HOW TO COMPLETE THIS TASK
Quote the material exactly from the line that contains "Star Wars VI: Return" through its last line. Any pictures are to be left out.

Top of GIVEN MATERIAL

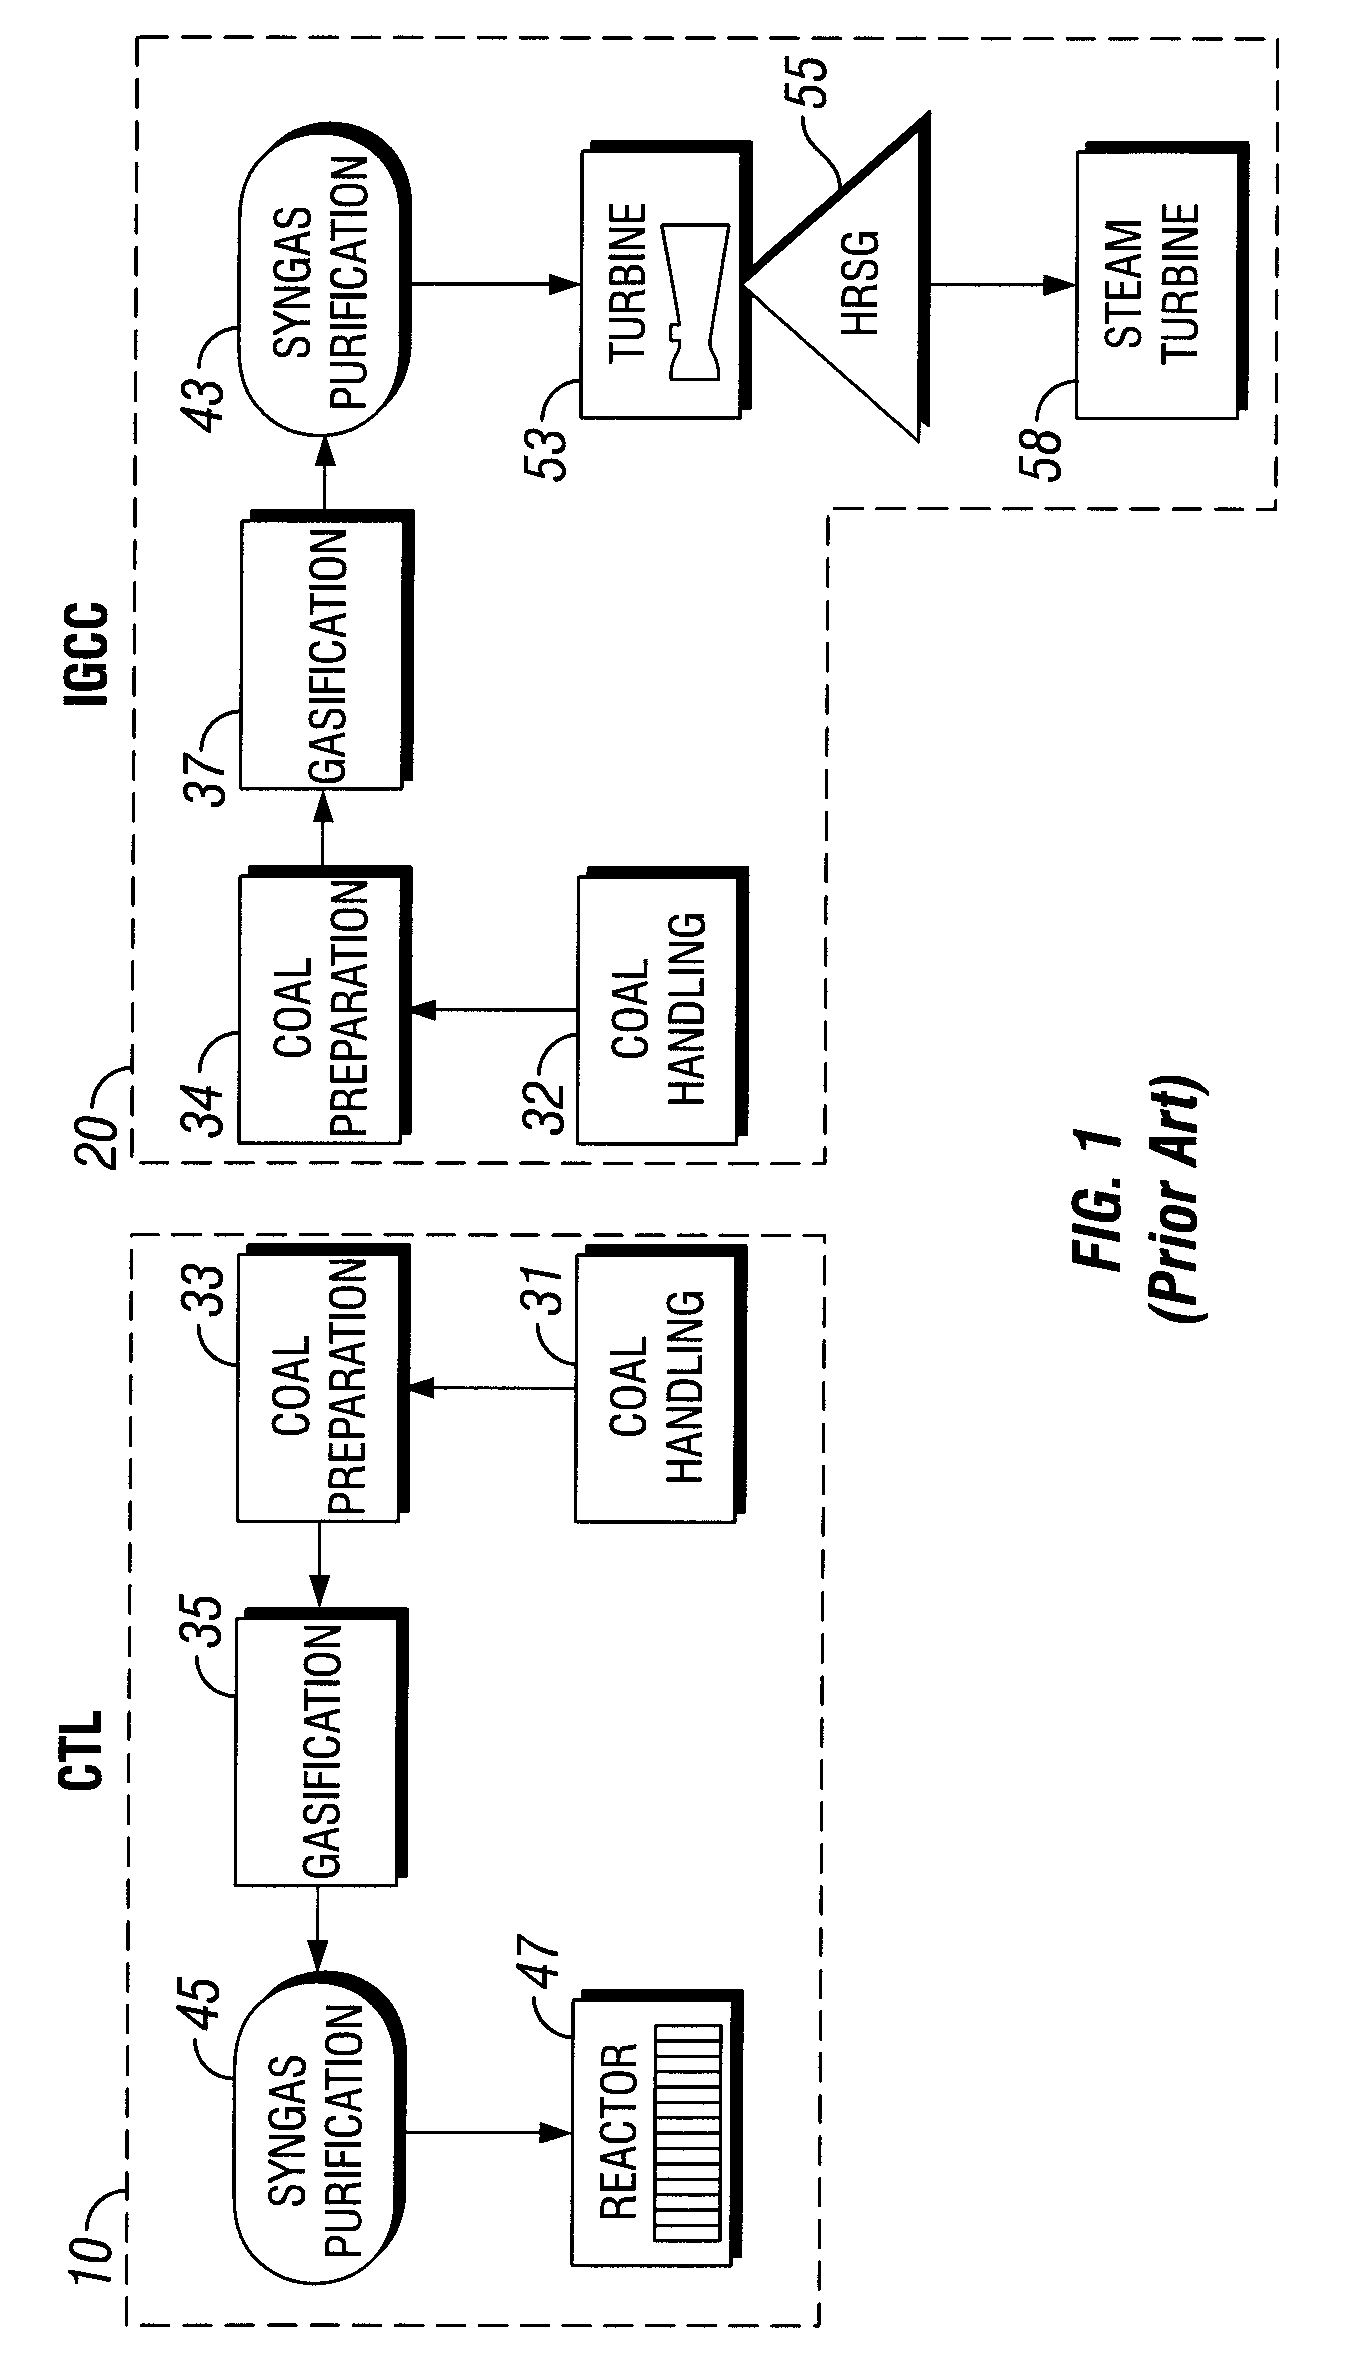 Integration of an integrated gasification combined cycle power plant and coal to liquid facility
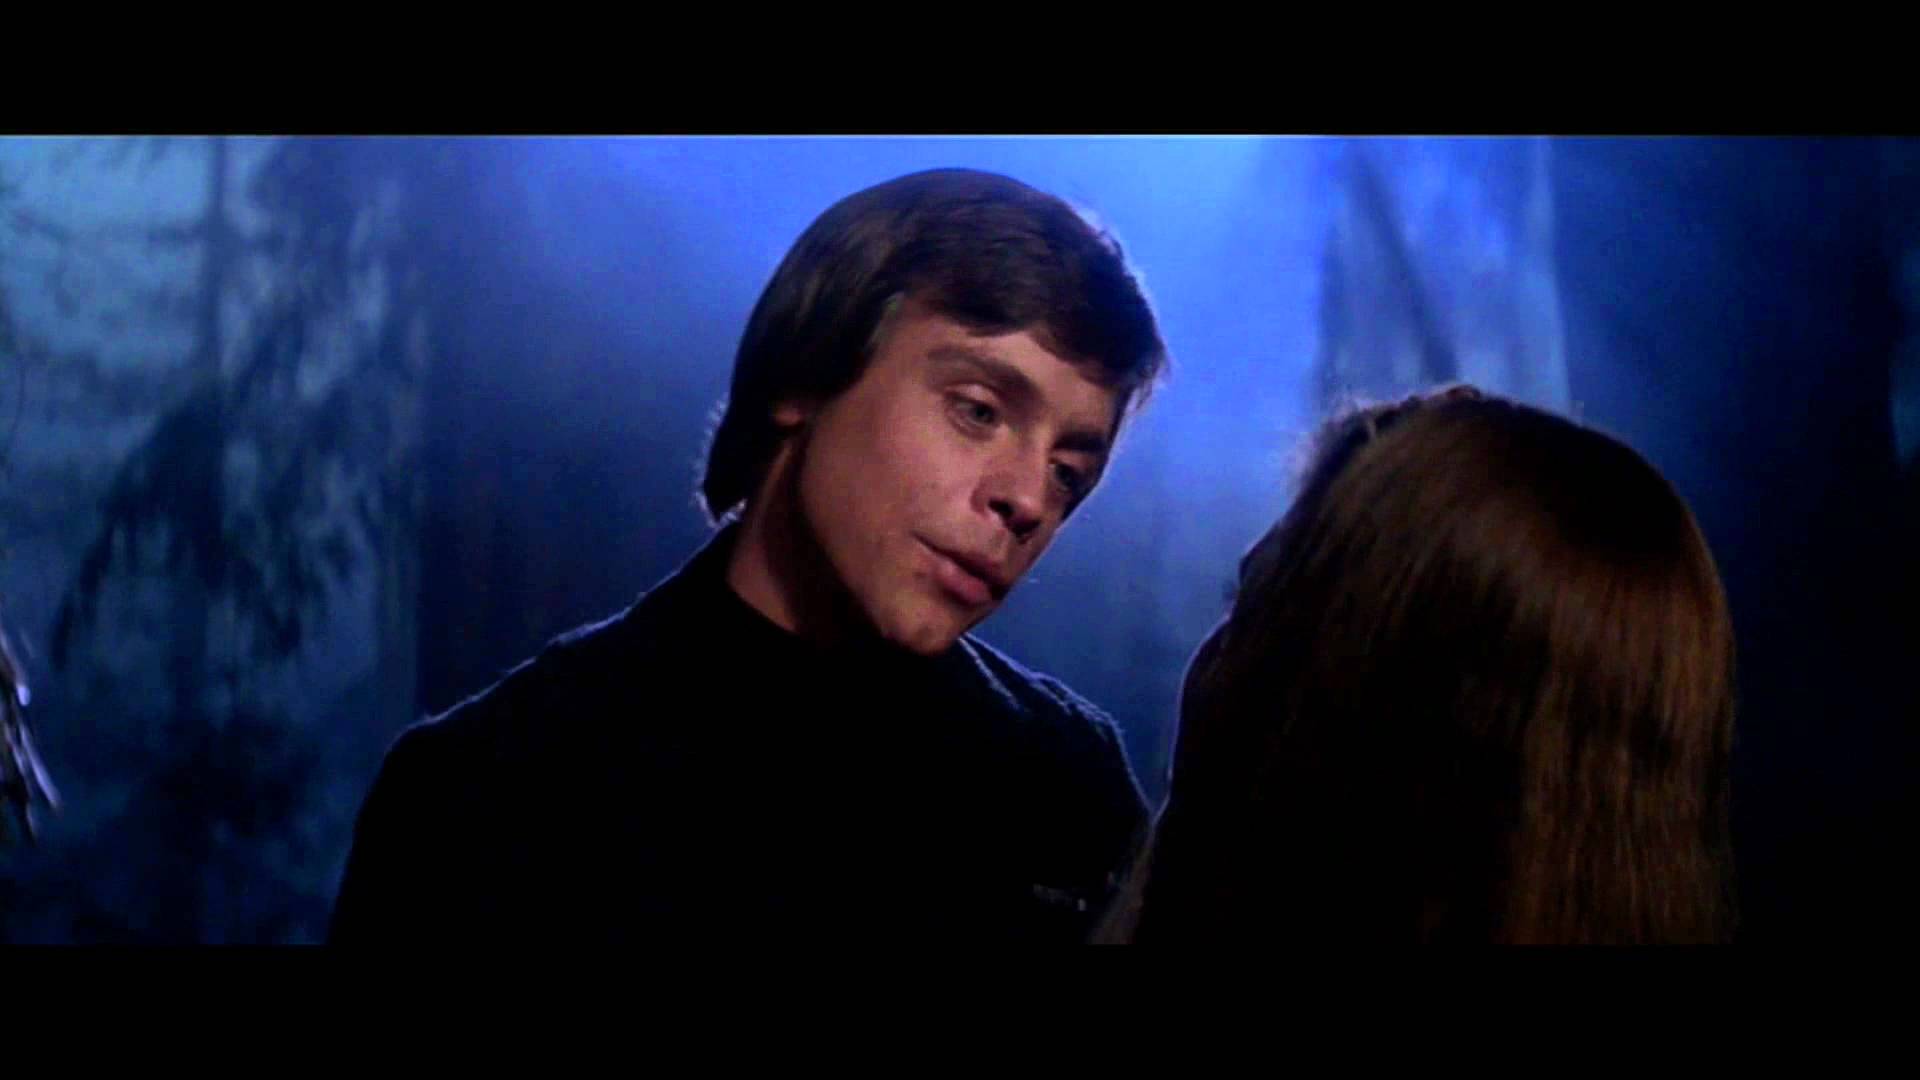 Star Wars VI: Return of the Jedi - "The Force is strong in my family" (Force Theme, Luke and Leia) 1
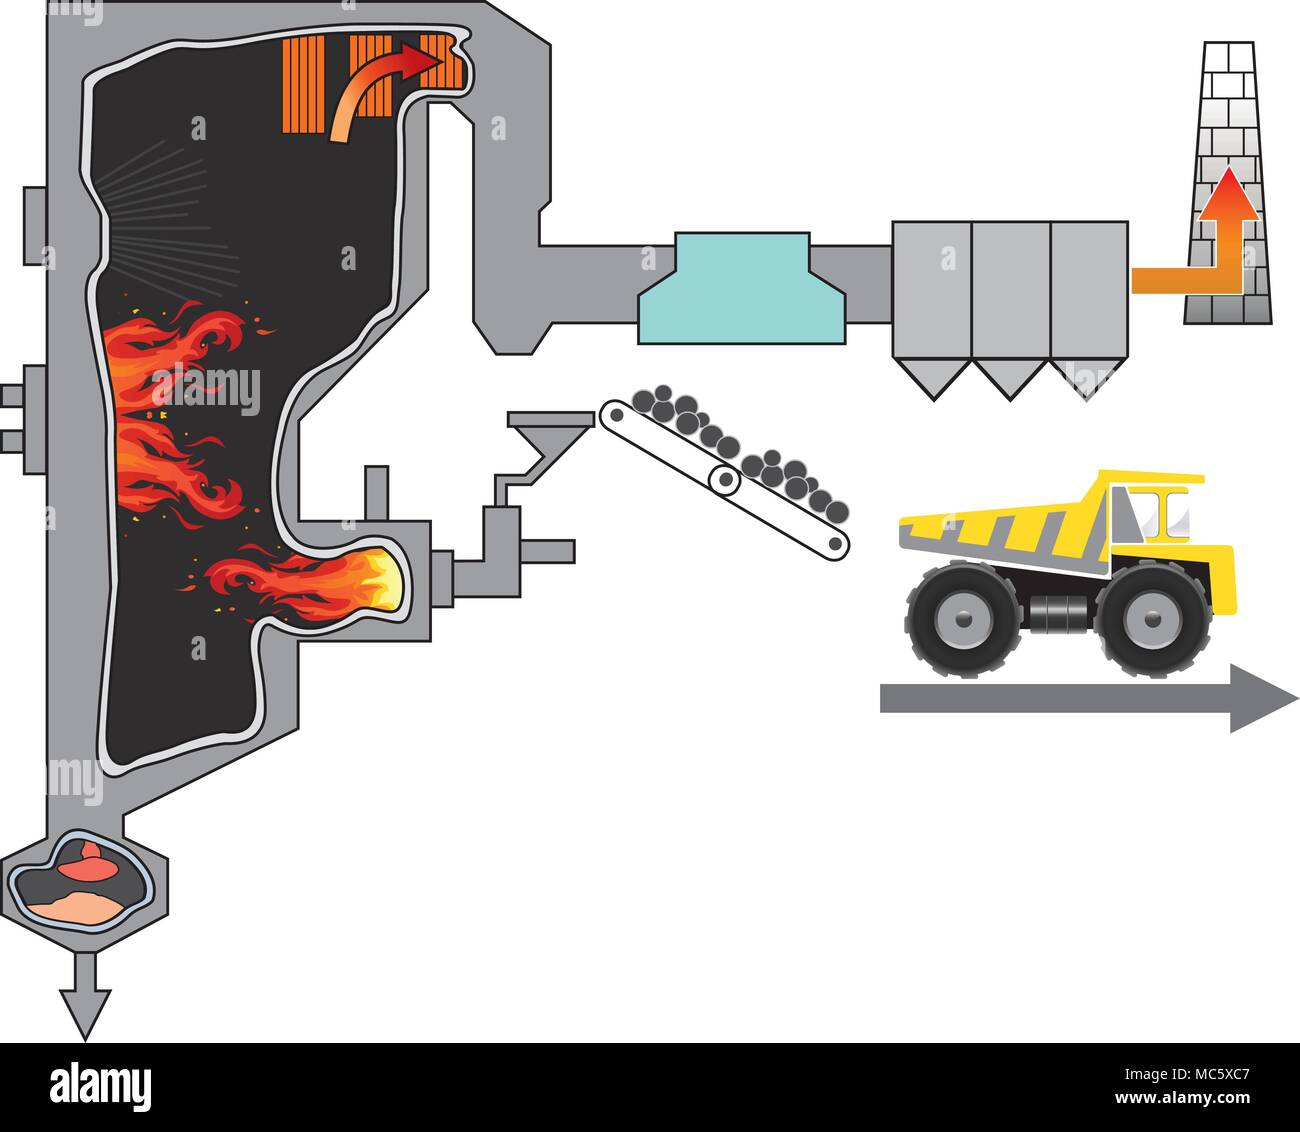 pulverised coal fired boiler is an industrial or utility boiler that generates thermal energy by burning pulverised coal that is blown into the firebo Stock Vector
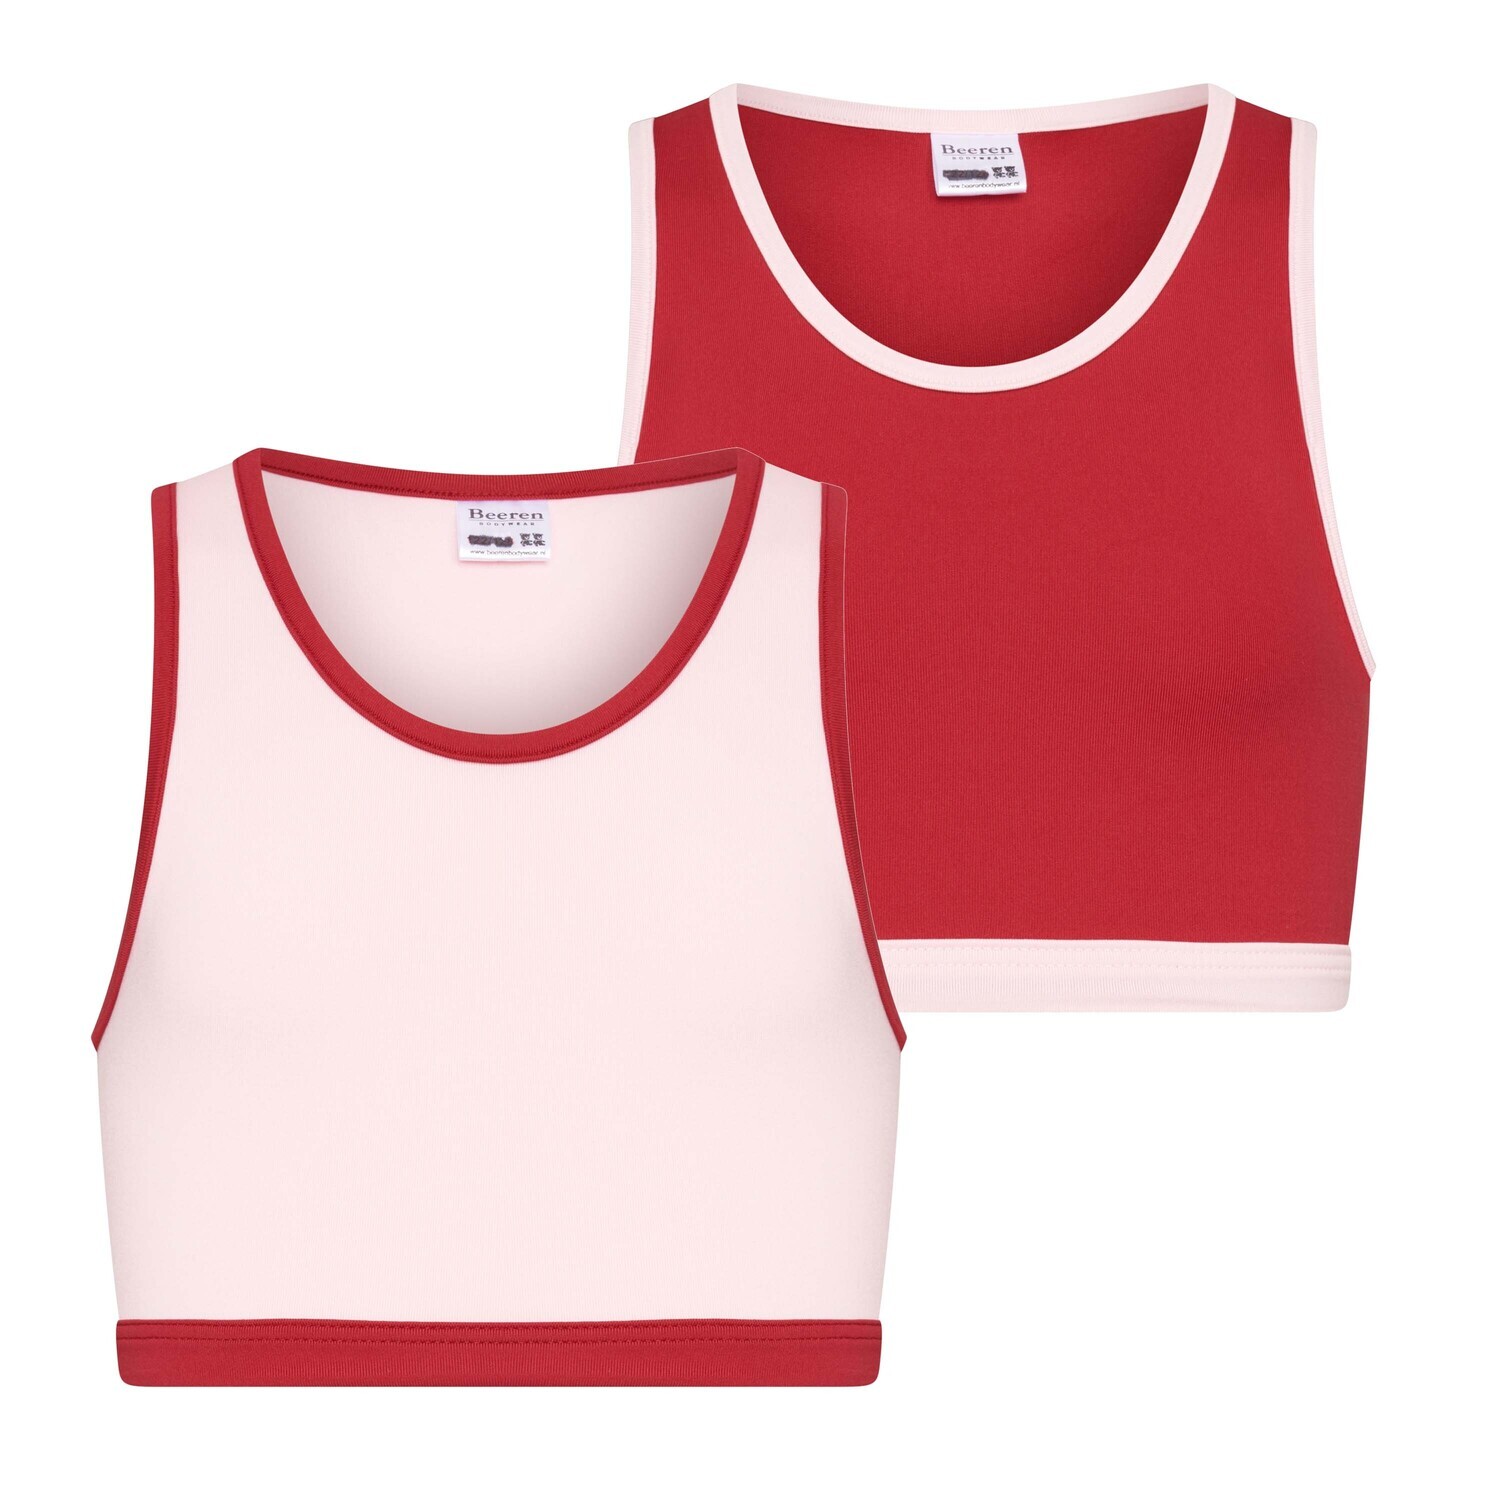 (08-251) Meisjes hesje Mix and Match 2-Pack rose/rood 134/140

Bottom of GIVEN MATERIAL

YOUR SOLUTION
 Star Wars VI: Return of the Jedi - "The Force is strong in my family" (Force Theme, Luke and Leia) 1
 pulverised coal fired boiler is an industrial or utility boiler that generates thermal energy by burning pulverised coal that is blown into the firebo Stock Vector
 (08-251) Meisjes hesje Mix and Match 2-Pack rose/rood 134/140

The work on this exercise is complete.